Scaling Laws
Scaling laws are empirical power-law relationships showing that language model performance improves predictably as model parameters, training data volume, and compute budget increase, enabling researchers to forecast capability gains before committing to expensive training runs.
Scaling laws are empirical relationships — broadly of the form L ∝ N^(-α) for loss L and parameter count N — that describe how the performance of machine learning models changes as a function of model parameter count, training data volume, and total compute budget. Most extensively studied for large language models, these relationships allow researchers to extrapolate expected model quality from small-scale experiments to large ones without running the full expensive training run.

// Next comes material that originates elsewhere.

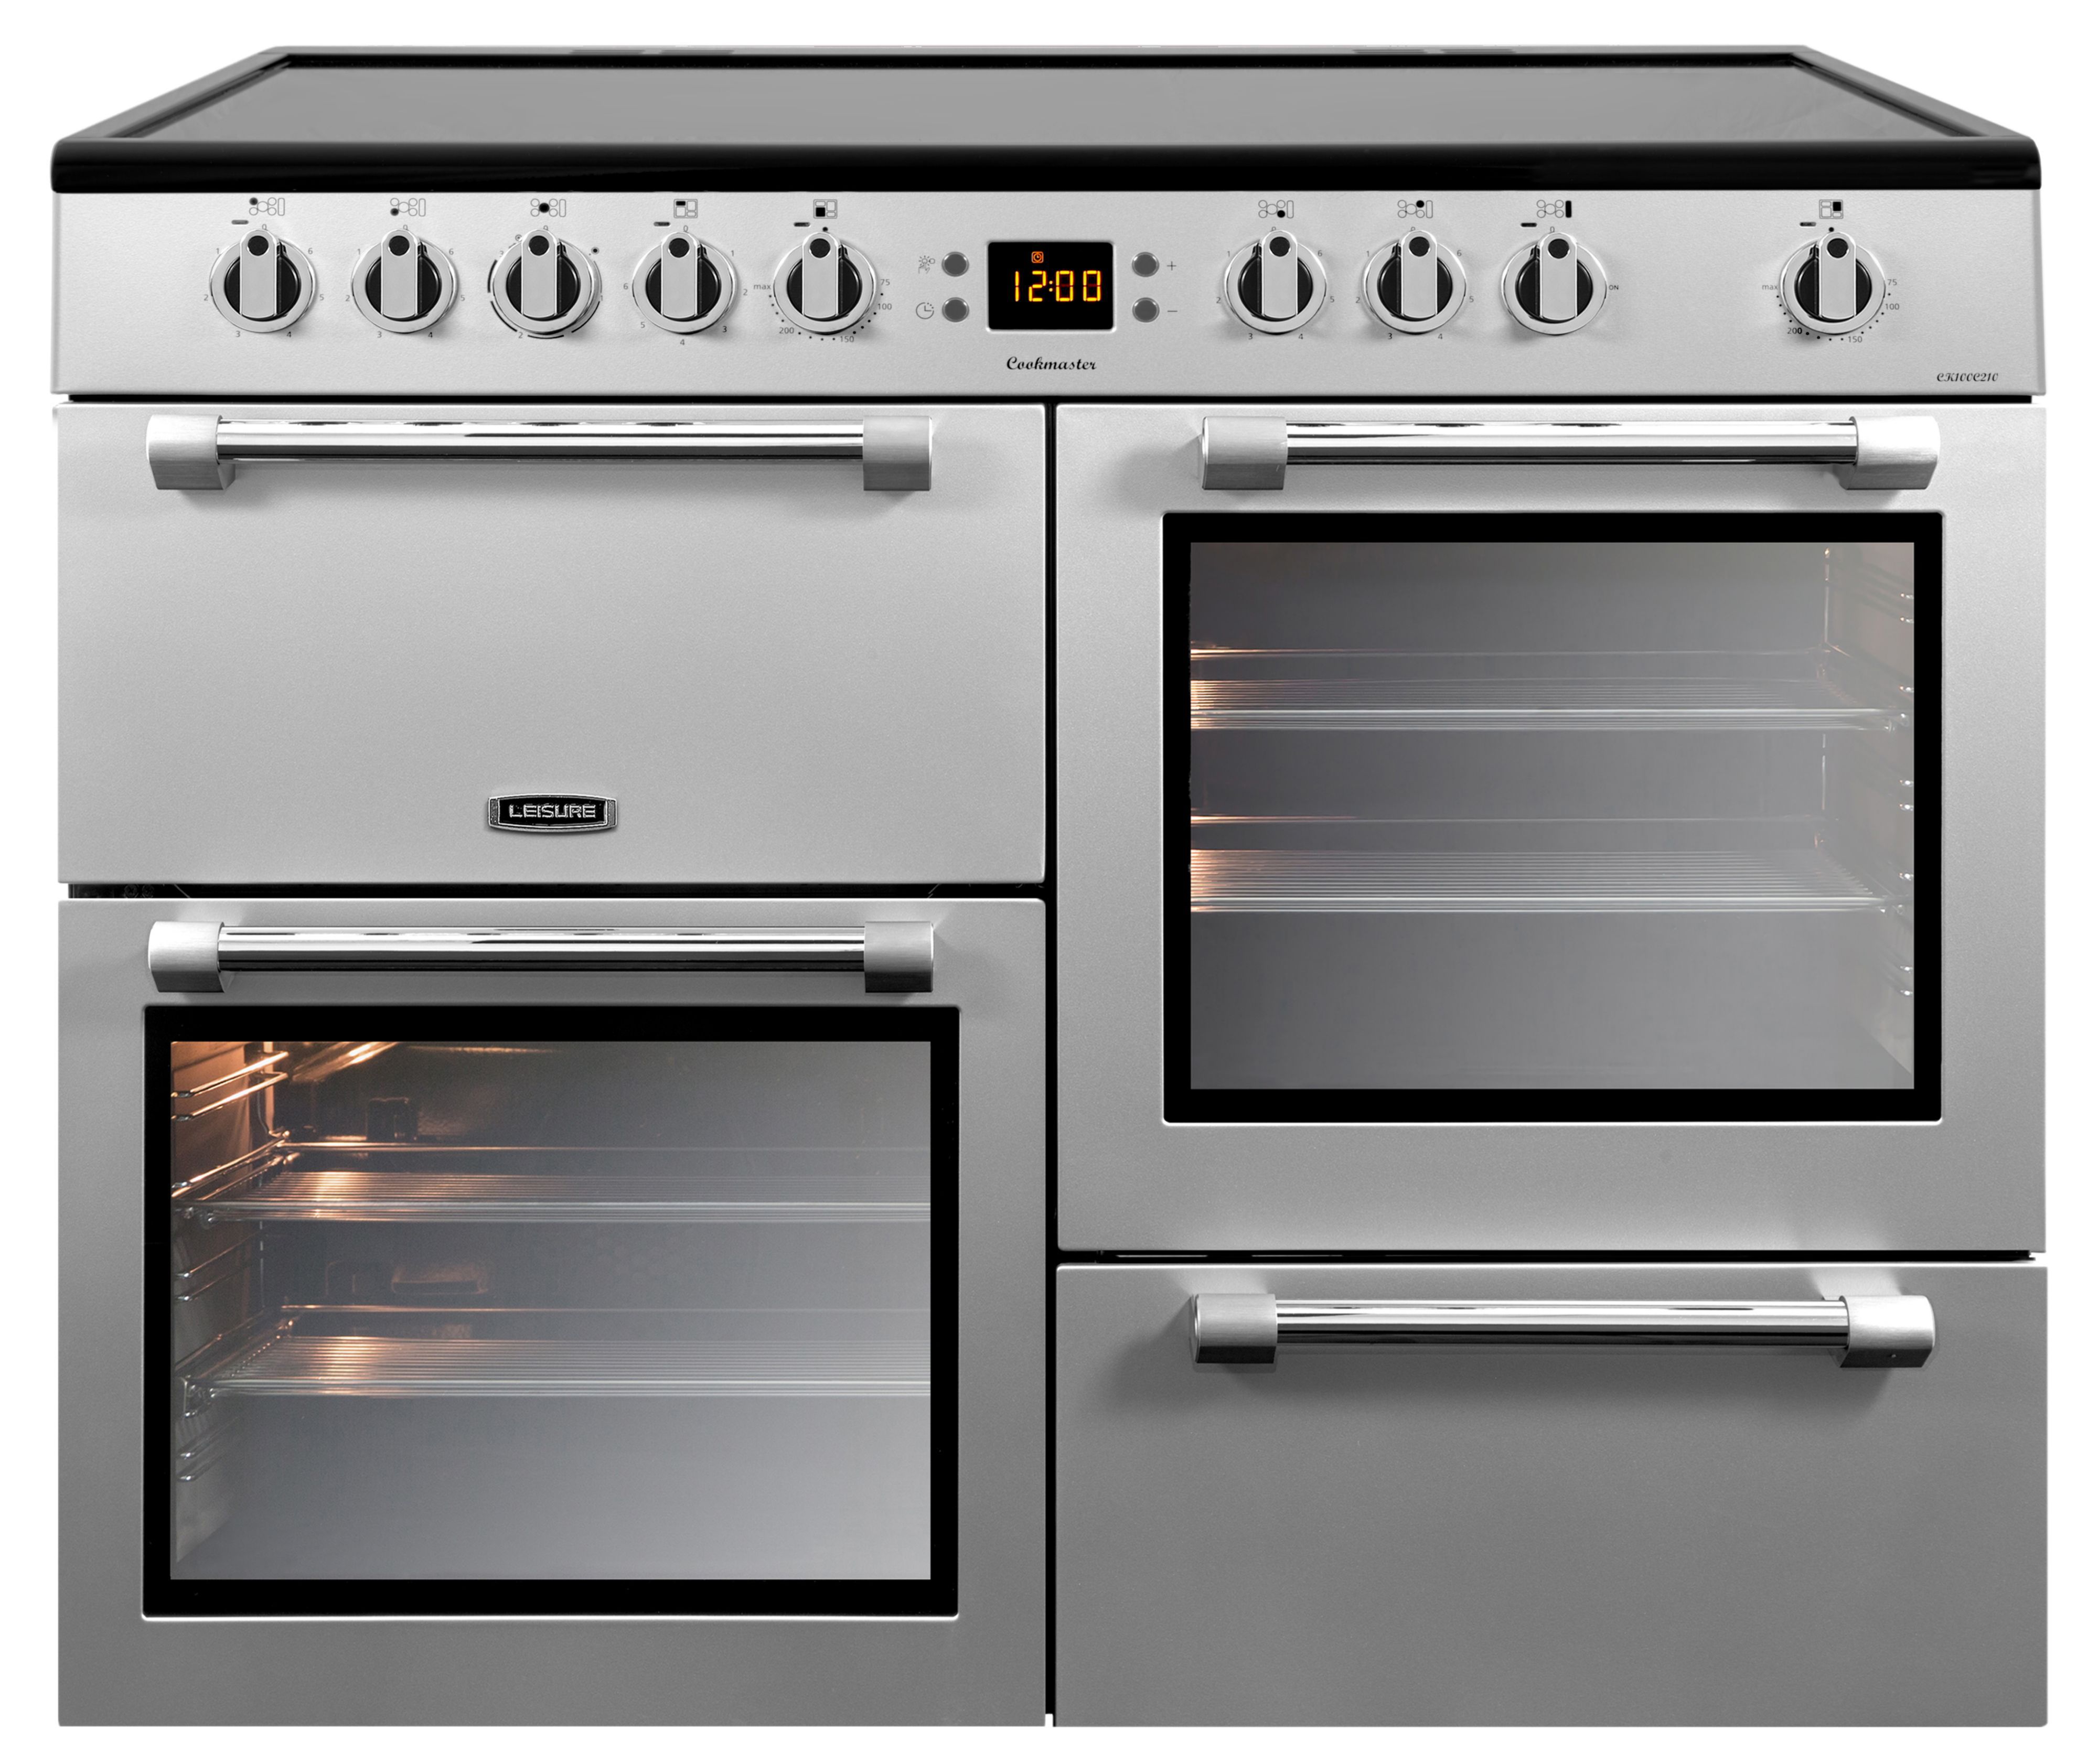 Leisure CK100C210K Freestanding Electric Range cooker with Electric Hob - Stainless steel effect

The foundational work was published by Kaplan et al. at OpenAI in 2020, showing that cross-entropy loss for autoregressive language models declines as a smooth power law with each of the three scaling axes — parameters, data, and compute — largely independently of specific architecture details. In 2022, Hoffmann et al. at DeepMind published the Chinchilla paper, which refined the compute-optimal training frontier: prior large models had been systematically undertrained on data relative to their parameter count. Chinchilla's 70-billion-parameter model, trained on 1.4 trillion tokens, matched or exceeded GPT-3 (175 billion parameters) on many benchmarks, establishing that model size and data quantity should scale in roughly equal proportion for compute efficiency.

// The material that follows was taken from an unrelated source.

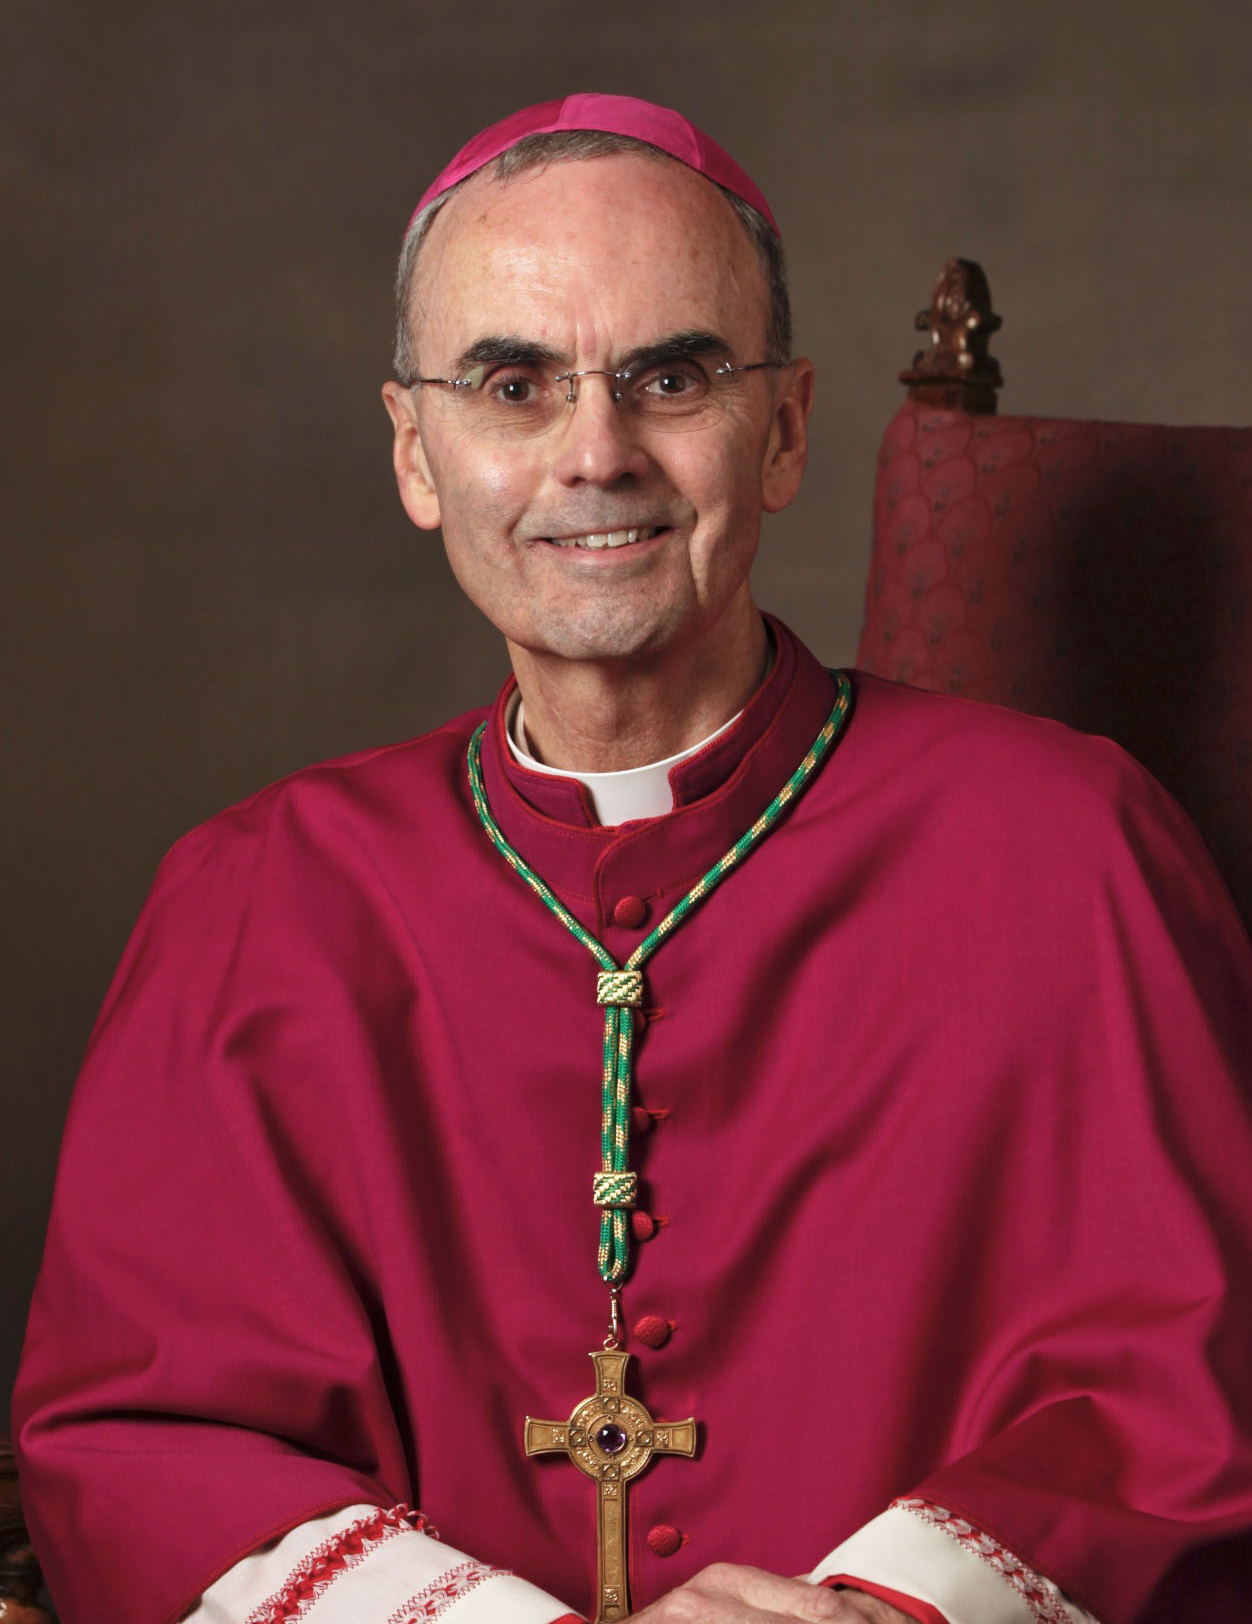 A priest in a red robe sitting in a chair.

Scaling laws matter because they convert abstract intuitions into concrete engineering decisions. Before committing thousands of GPU-days to a training run, teams run small-scale ablations and use scaling-law extrapolations to predict the performance of larger models, enabling rational allocation of compute budgets. The Chinchilla result in particular shifted industry norms: subsequent open-weight models, including Llama 2 and the Mistral series, were trained significantly longer on more data than their predecessors at equivalent parameter counts.

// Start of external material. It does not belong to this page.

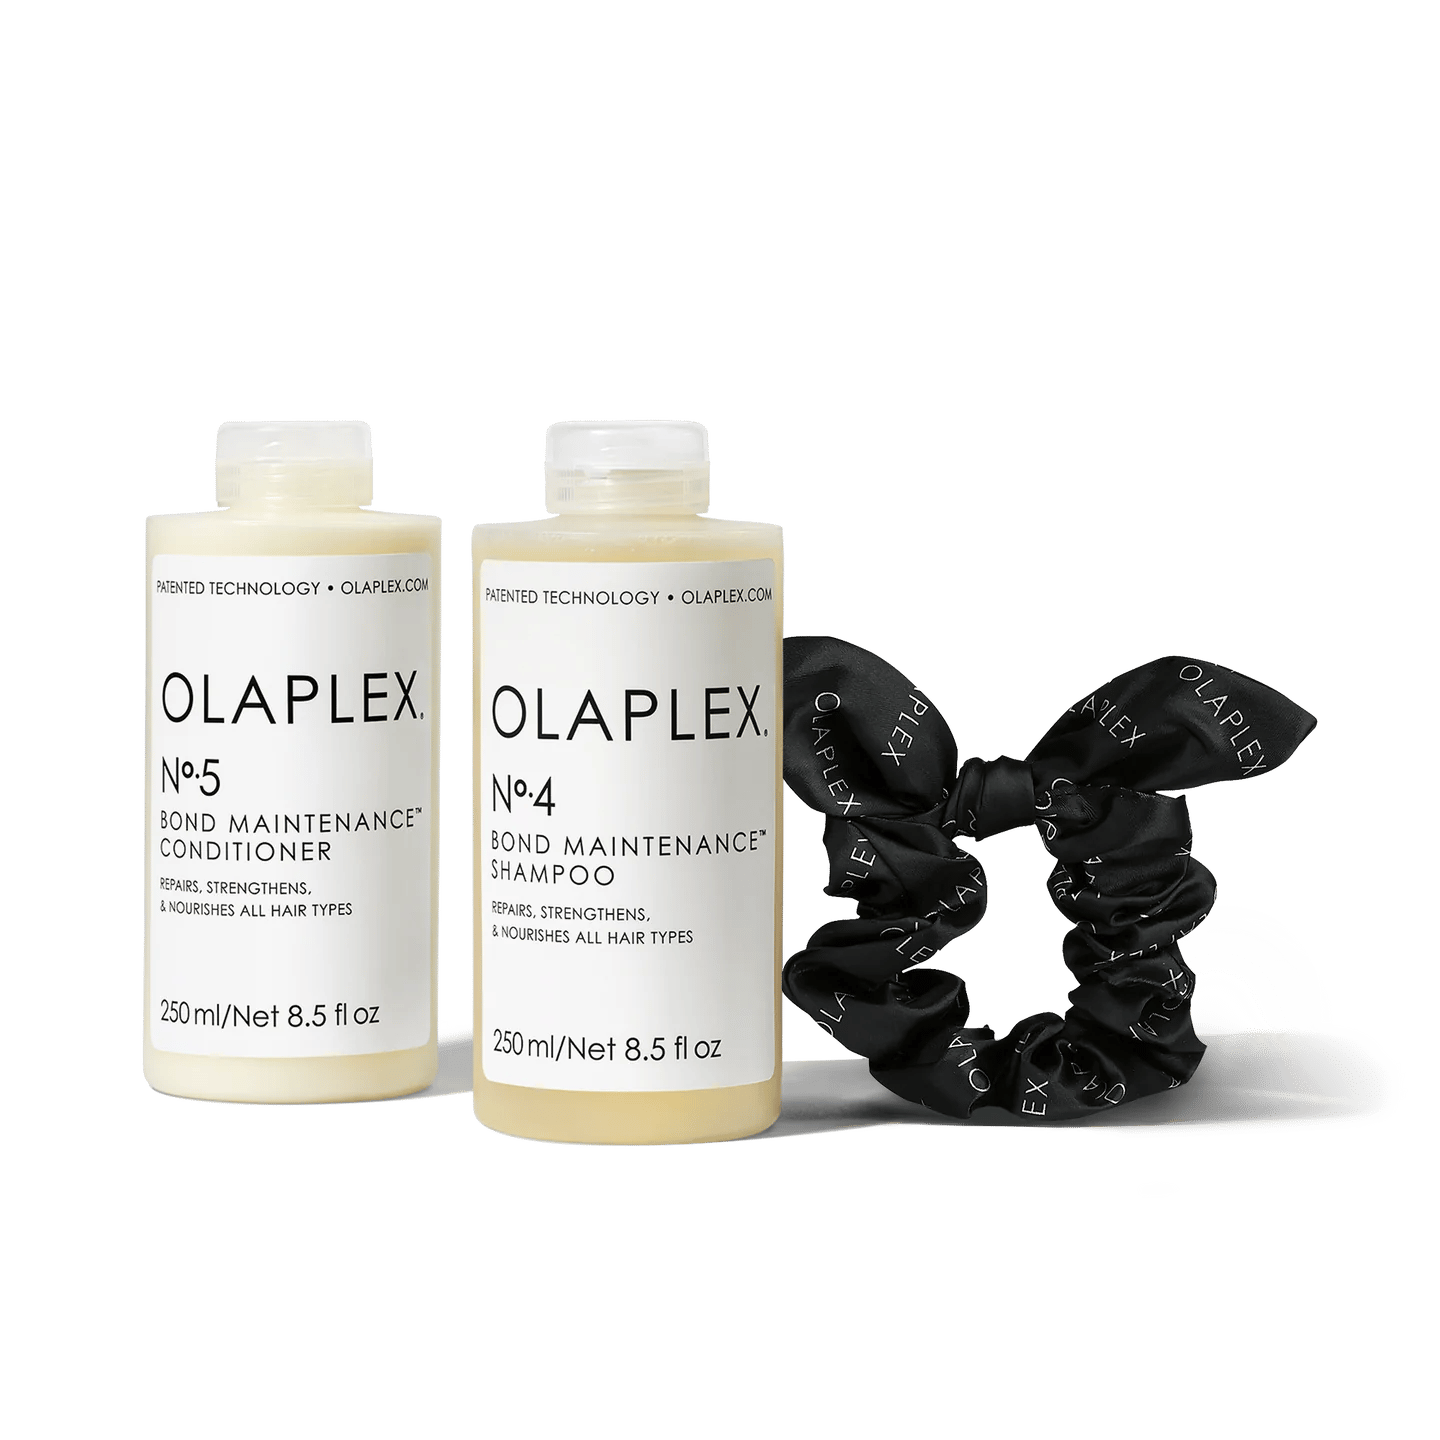 DAILY CLEANSE & CONDITION DUO

By 2026, scaling laws have been extended beyond pure text to multimodal models, code generation, and the post-training stages of reinforcement learning from human feedback. Active research debates whether these laws will plateau as high-quality text from the public internet is exhausted, or whether they continue to hold when training incorporates synthetic data and reasoning traces. Companies including Google DeepMind, Meta AI, and Anthropic treat scaling-law analysis as a core planning discipline, publishing updated compute-optimal recipes alongside new model releases.